For unassigned files it uses __NONE__ as the module name, and for unowned
files it uses __NO_OWNER__ as the team, both of which conveniently sort first.
For owned files it uses the part of the team-name after @10gen/ with -
replaced with _ to be friendlier to querying. In cases where multiple teams
own a file, the file is duplicated to each team's list.
This file can be viewed directly in VSCode. The yaml plugin's breadcrumbs and
folding are very helpful. yq
(jq for yaml) is also a powerful tool.
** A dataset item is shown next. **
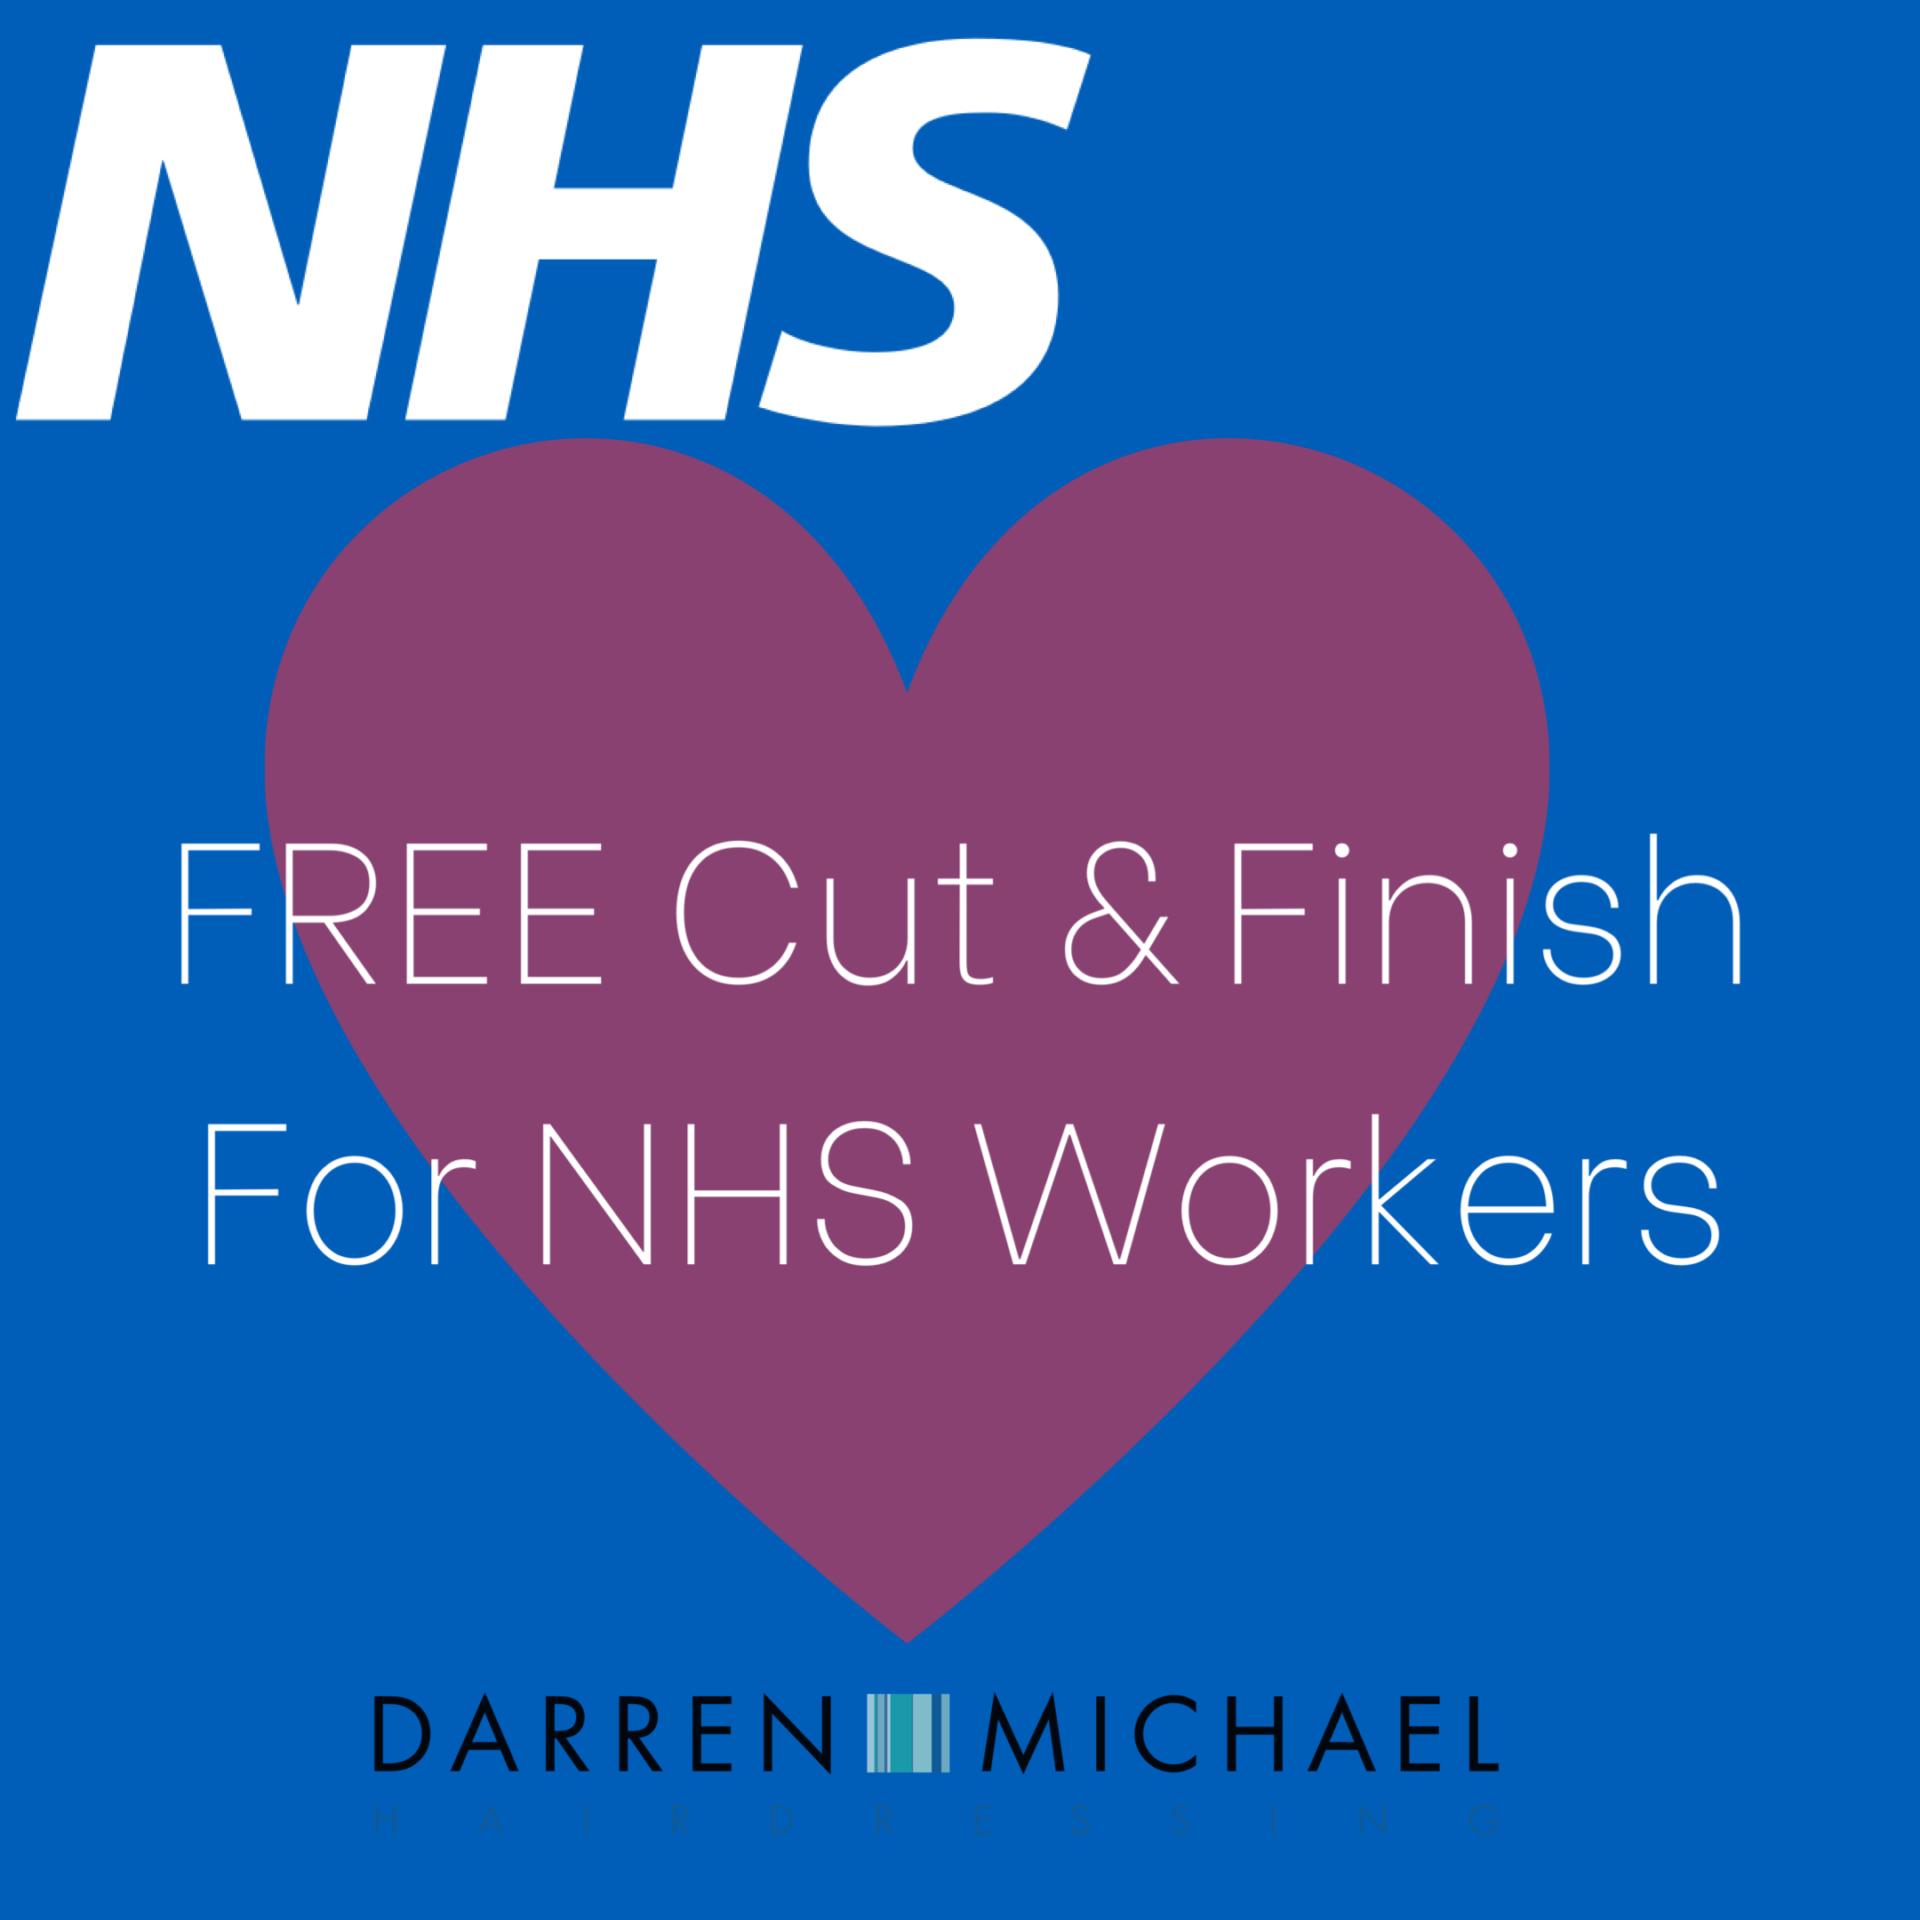 Free Cut & Style – NHS

Here are a few
examples using it, some of which produce enough output to be worth opening in vscode:
# list of teams
yq '[.[] | keys] | add | sort | unique[]' -r modules_dump.yaml
# unassigned files owned by server-programmability
yq '.__NONE__.server_programmability' modules_dump.yaml
# files owned by server-programmability across all modules (or lack thereof)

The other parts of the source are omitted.